COLLECTED DATA:
┏━━

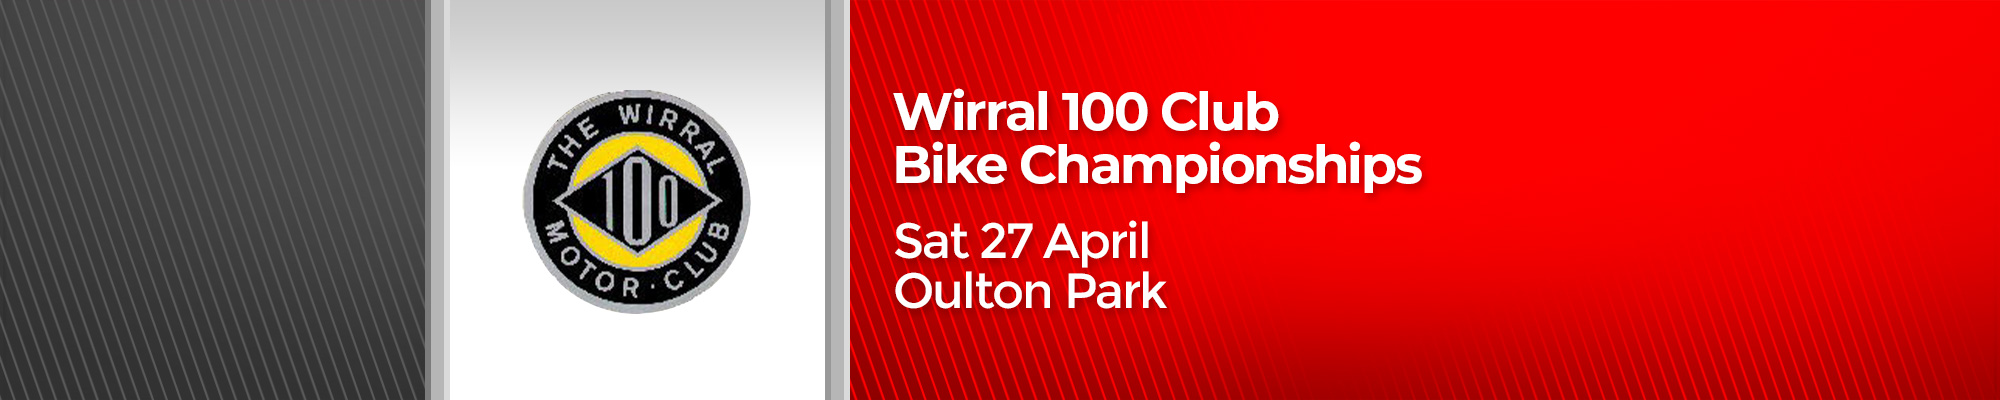 Wirral 100 Club Bike Championships
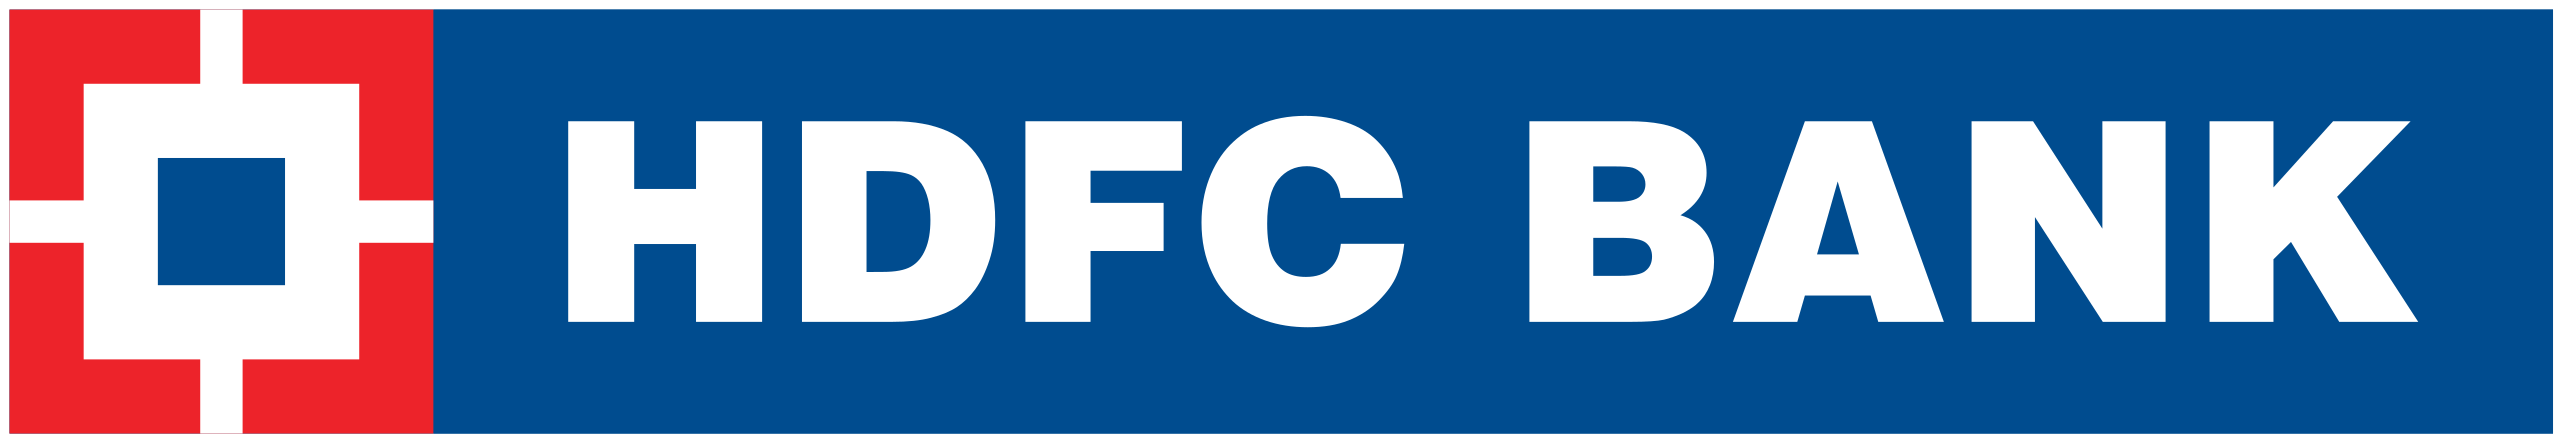 ACOL Logo
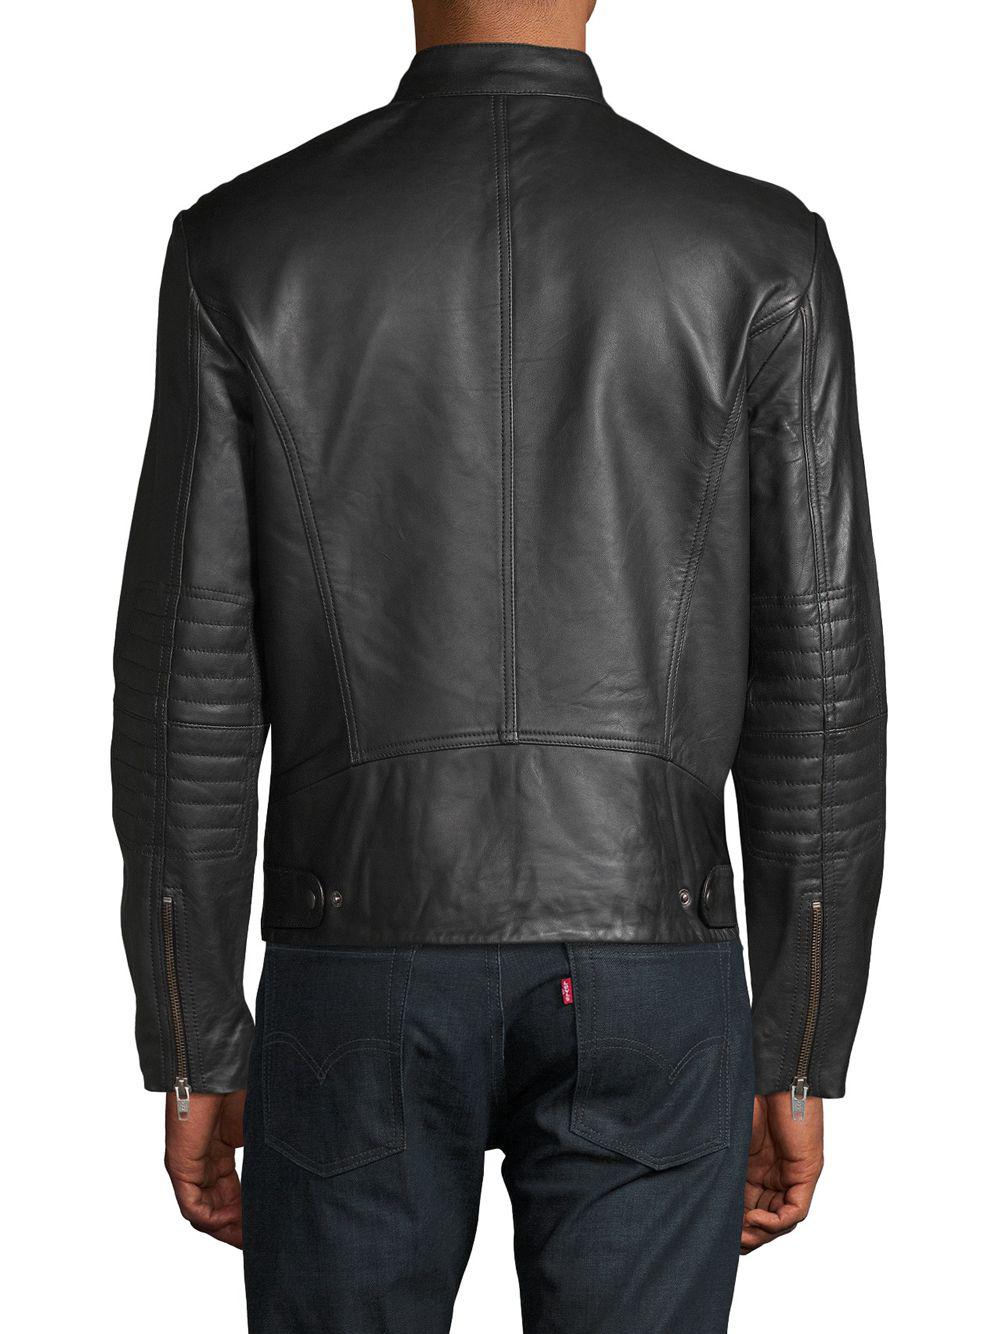 Saks Fifth Avenue Full-zip Leather Biker Jacket in Black for Men - Lyst

┗━━

WORK TO BE COMPLETED:
Retype the listing verbatim, minus every image.

OUTPUT FOR THIS EXERCISE:
 Wirral 100 Club Bike Championships
 ACOL Logo
 Saks Fifth Avenue Full-zip Leather Biker Jacket in Black for Men - Lyst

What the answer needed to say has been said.